On Thursday night in the US, Barack Obama gave his acceptance speech as the Democratic presidential nominee at the Democratic Party convention in Denver, Colorado. The stadium was packed and the speech was beamed live. It was an emotionally charged speech aimed at capturing the hearts of the average American. He spoke of the lost American dream, of the millions who have been affected by foreclosures of home loans, of the burden of credit card debts and of rising unemployment. He spoke about the years lost in a war that was not ending and promised to halt that. It was an appealing speech for an audience tired of the news from Iraq and Afghanistan, tired of the struggle to pay costs of education and health care and burdened with high inflation and debt. I heard it and was impressed.
Just a couple of days ago, the US government had released the results of a survey that showed that the number of people living in poverty had increased by nearly six million in the last year. Median incomes have not risen since 2001, and in the last decade, the increase in incomes of the top decile have averaged 11% a year and those of the lowest decile by less than 1% a year. The gap between the rich and the middle class is growing, and there is anxiety that the livelihood of the average American is not secure.
The speech held the right promise, of ensuring that health care is affordable and available to all, that access to higher education is guaranteed to all aspirants, and that public spending would be more focused and accountable. He has promised to tax all companies that outsource jobs and tax breaks for those that bring jobs from outside. He has promised to plug loopholes while taxing the rich and big companies, and to deal with the bureaucracy firmly to ensure that government funds are utilized effectively. He has promised to invest $150 billion in renewable energy, education and health and to recruit millions of teachers to improve education standards.

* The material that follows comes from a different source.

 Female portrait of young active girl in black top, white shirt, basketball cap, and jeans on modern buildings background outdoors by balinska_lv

Clearly, this is a message that appealed to the entire audience and will have an emotional appeal all over the country. The problem with the message is that it is likely to make American companies wary and cautious, and the bureaucracy worried about losing control. In short, appealing to the people would mean alienating vested interests. Given these worries, his thin track record of administration, and persisting inner-party conflicts, it is little wonder that the race for President is still too close to be called. Yet there is an opportunity. Perhaps for the first time in several decades, a Democratic president would have overwhelming support in the Senate and Congress, which the Democrats are likely to sweep. One is reminded of the 1985 scenario in India.
The other problem with the promises is that they are difficult to realize. We heard a similar message in India in 2004 and there is general agreement that there is a large gap between expectation and achievement. There has been no change in the way things are done and the government today has greater regulatory powers in more areas than it did in 2004. Corporate influence is entrenched and policies appear to deal with issues of industry, and not of the citizens. For all the sincerity, it’s likely that the promises made in Denver are going to be very hard to keep.

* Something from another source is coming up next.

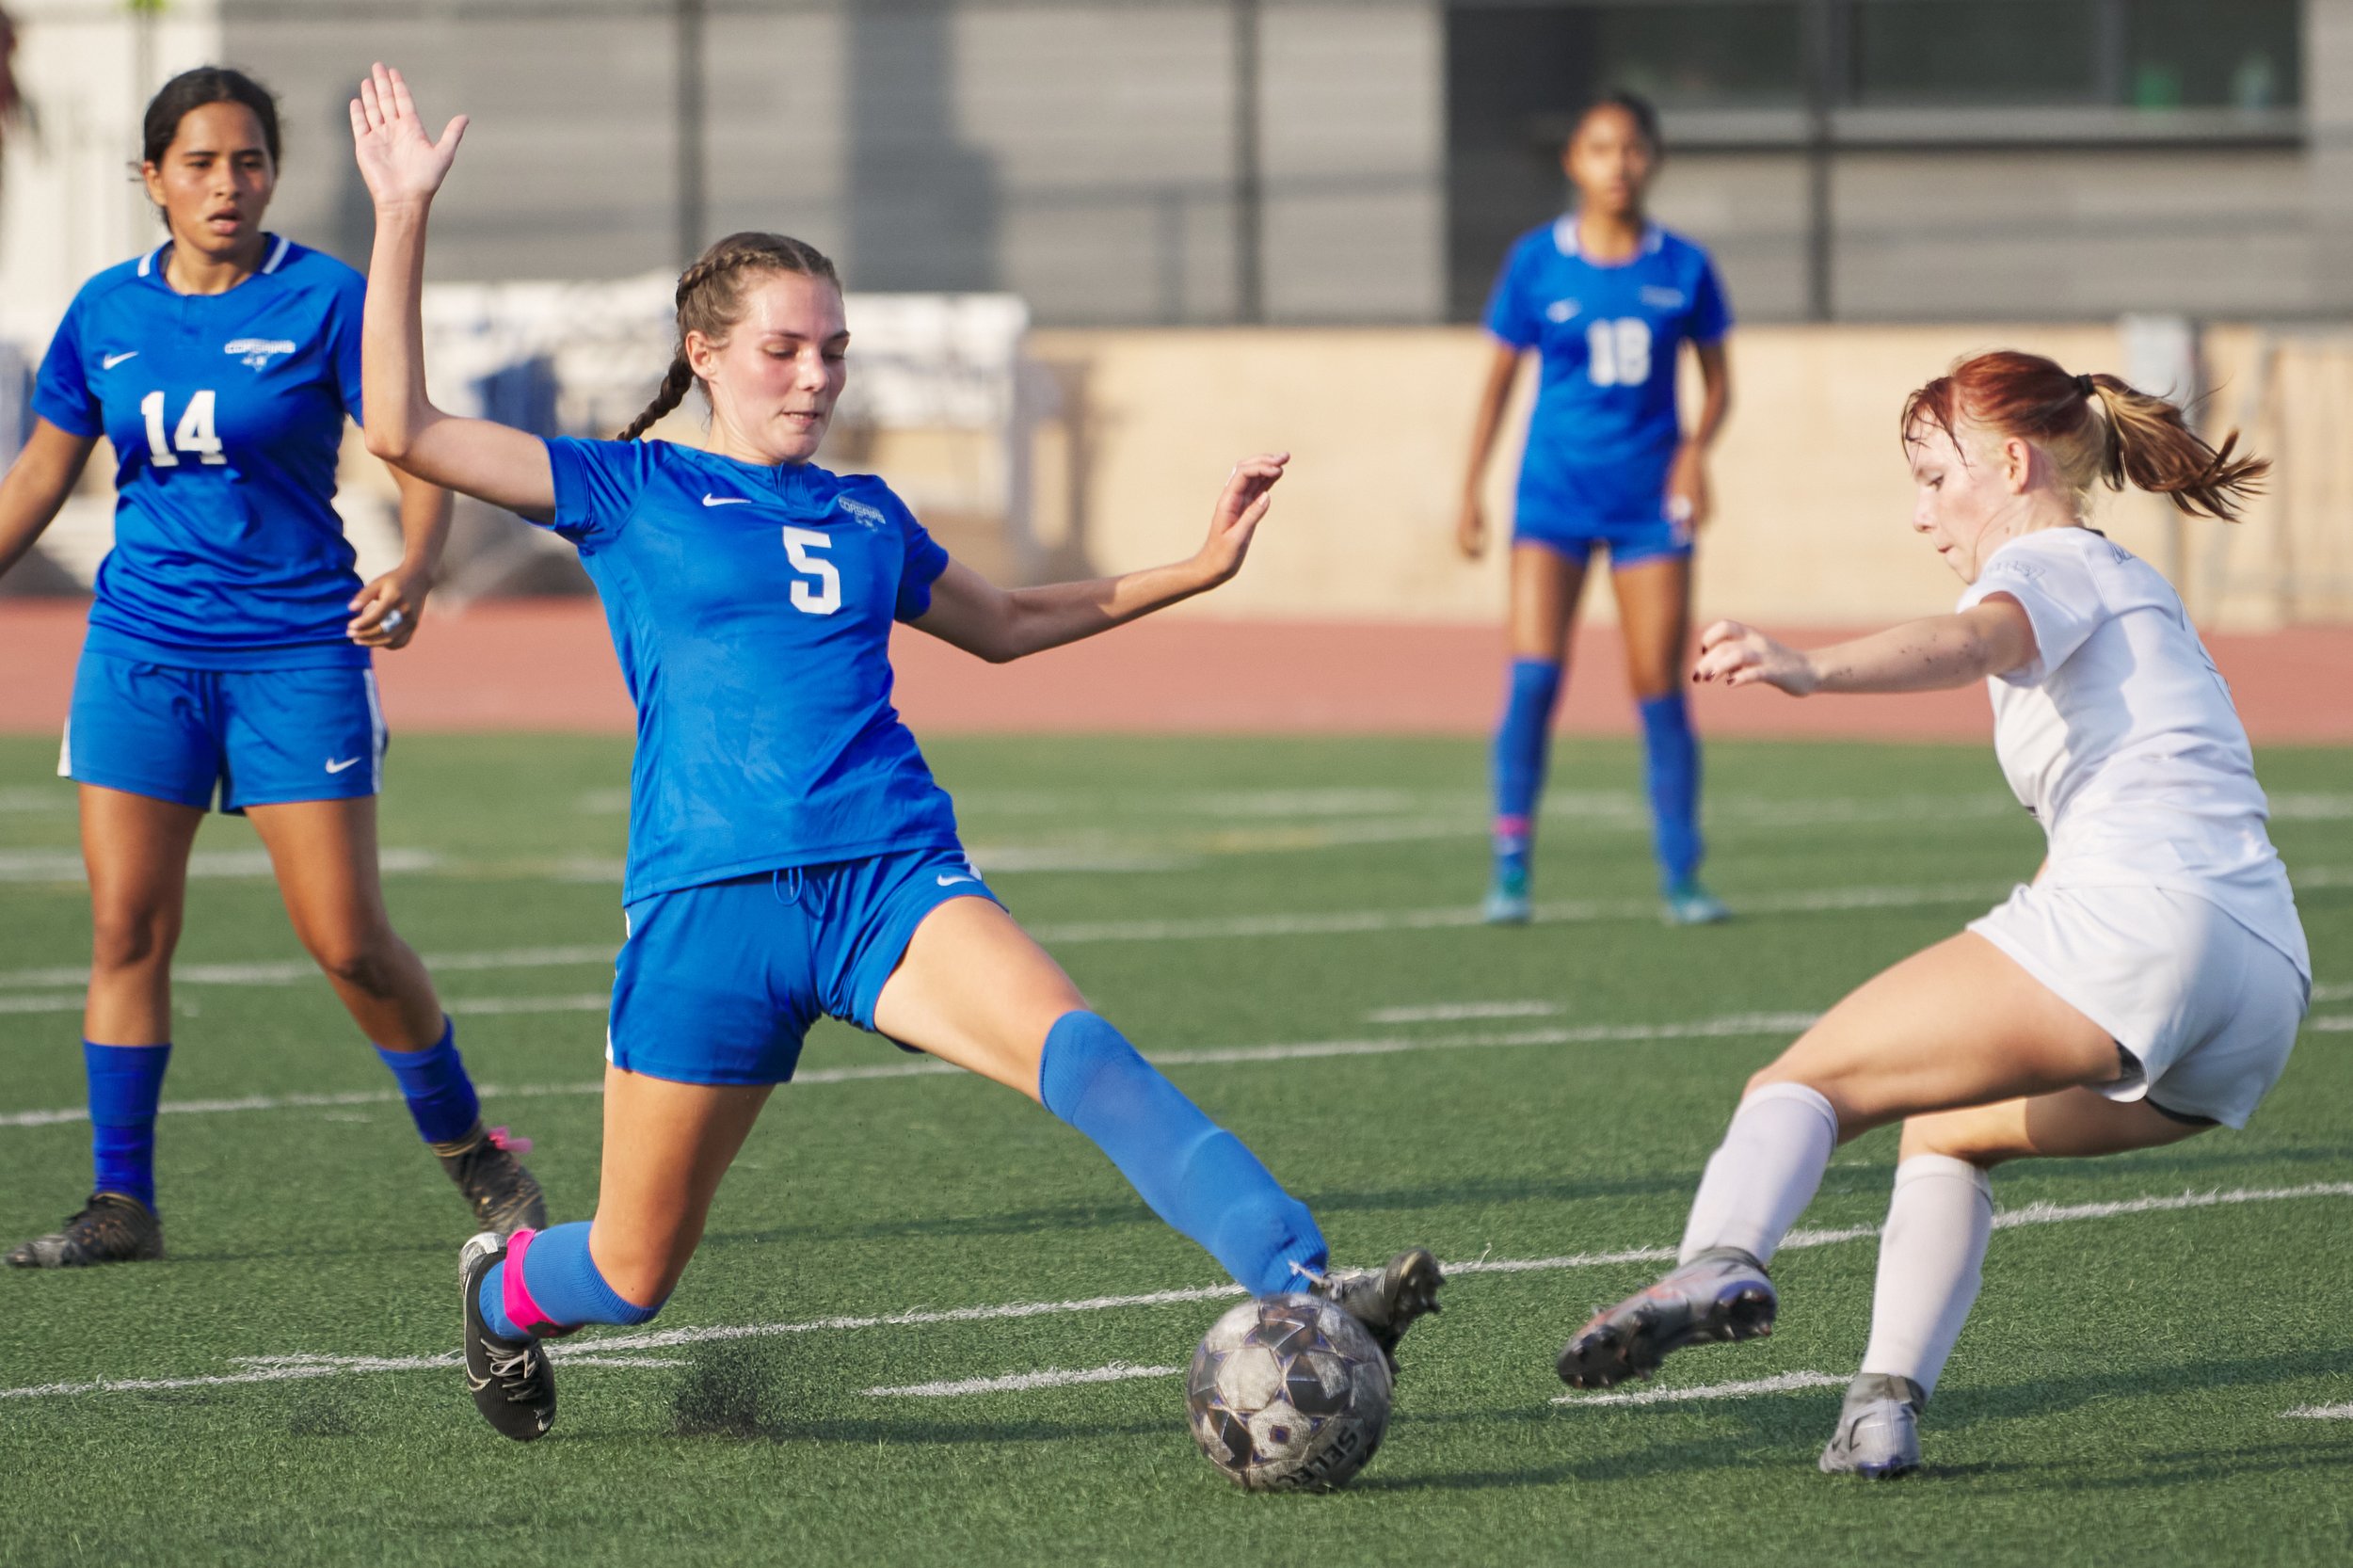  Santa Monica College Corsairs' Charlie Kayem (center) attempts to keep the ball from Antelope Valley College Marauders' Megan Salvesvold (right) during the women's soccer match on Tuesday, Oct. 11, 2022, at Corsair Field in Santa Monica, Calif. The

At the same time, there are interesting economic changes that are happening in the US. Exports are booming, and an industry quite unused to exporting, given the huge domestic demand, is now gearing up to meet export commitments. There is also a significant influx of investment into the US, in real estate, commercial properties, and in businesses. There are large-scale acquisitions of US companies that are happening. These changes are likely to turn around the prospects for growth by the first quarter of next year, and hence the next president is likely to see success in the economy by the end of 2009.

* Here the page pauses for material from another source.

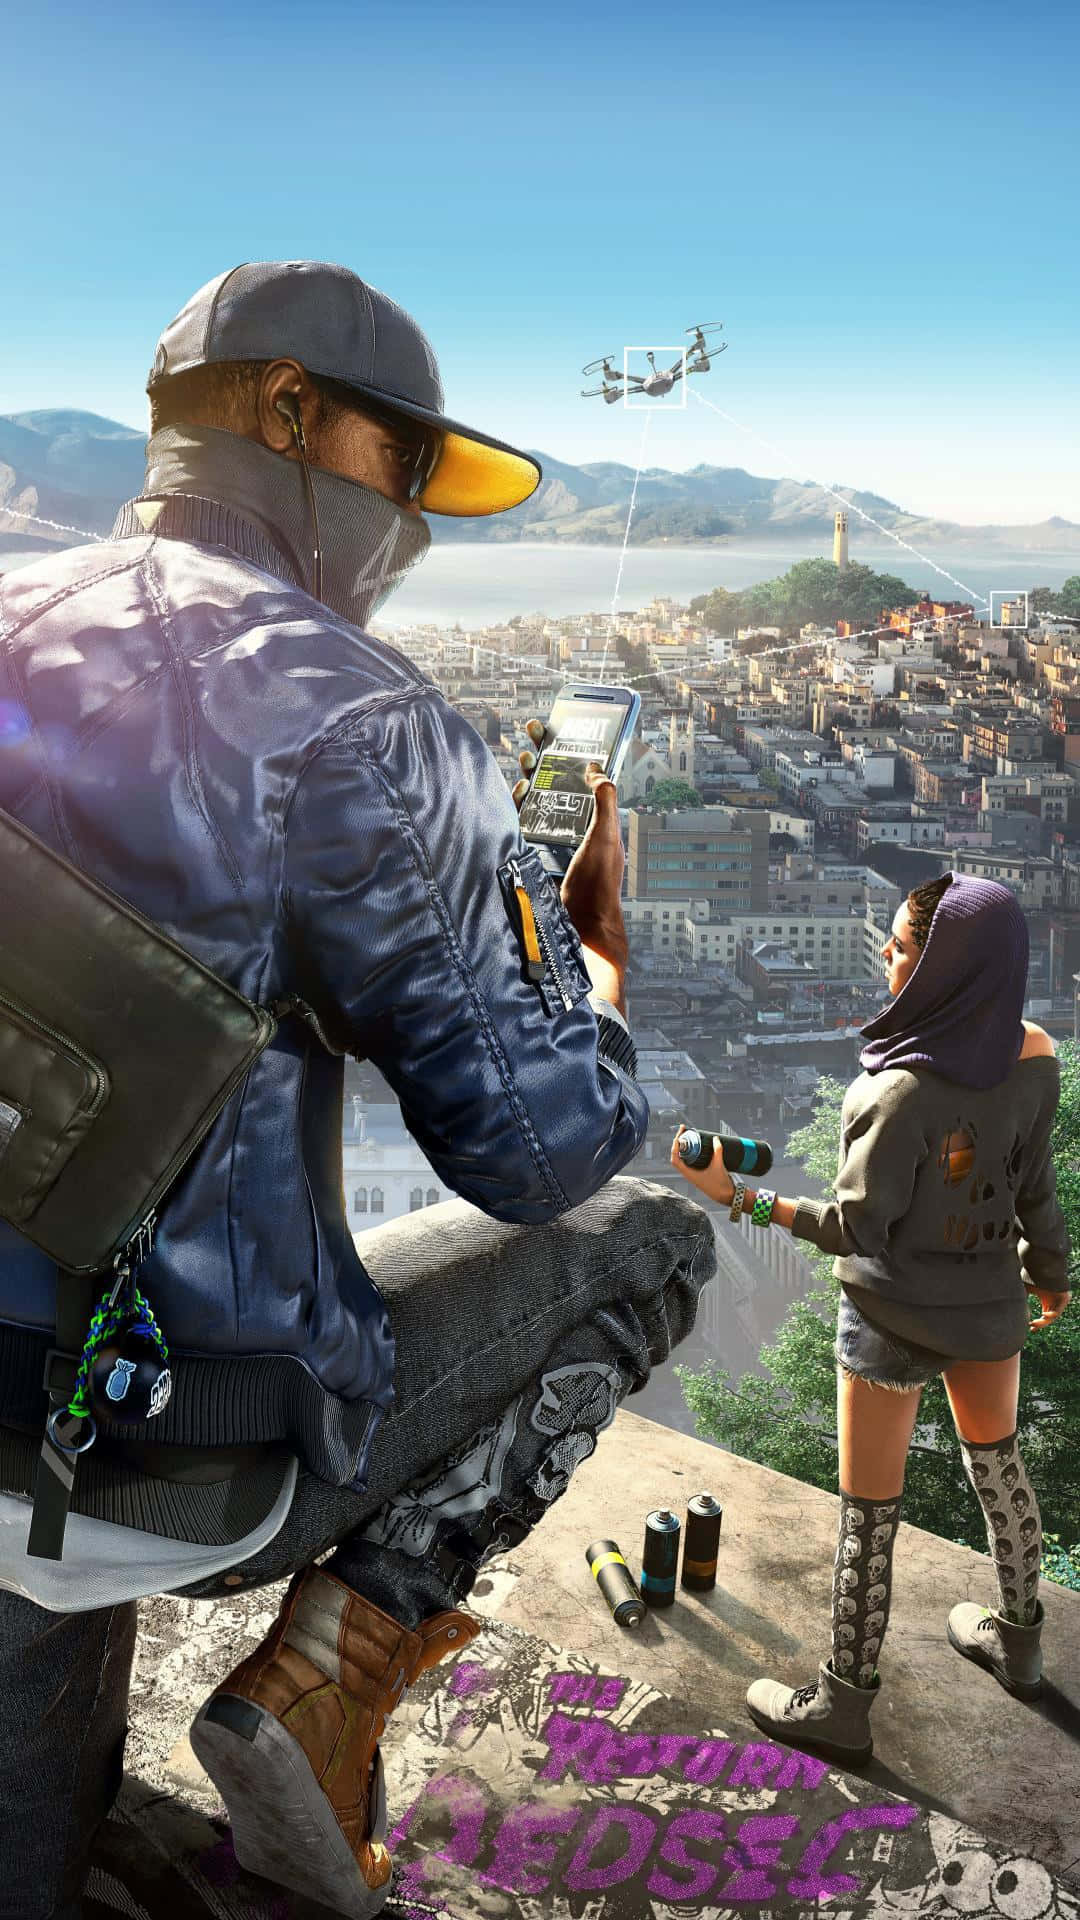 "Hack Your Reality - Play Watch Dogs on Your iPhone" Wallpaper

From the point of view of India, a Democratic president is likely to focus much more on domestic issues, and foreign policy would be subservient to this. Multilateral trade and globalization issues, including climate change, are likely to move to the back burner and there is likely to be greater focus on the middle-class American. Most importantly, there would be a close look at outsourcing. As manufactured goods continue to pour in from China, attention on service sector jobs being outsourced is likely to be greater and India should be aware of this. China is now regarded as a country that needs to be engaged with while India is not yet as high up on their radar. The civil nuclear deal is likely to be less urgent for the new government. India will have to fend for itself much more, in external relations, in the neighbourhood and in economic policy. India needs to make quick strategic changes in dealing with a new America.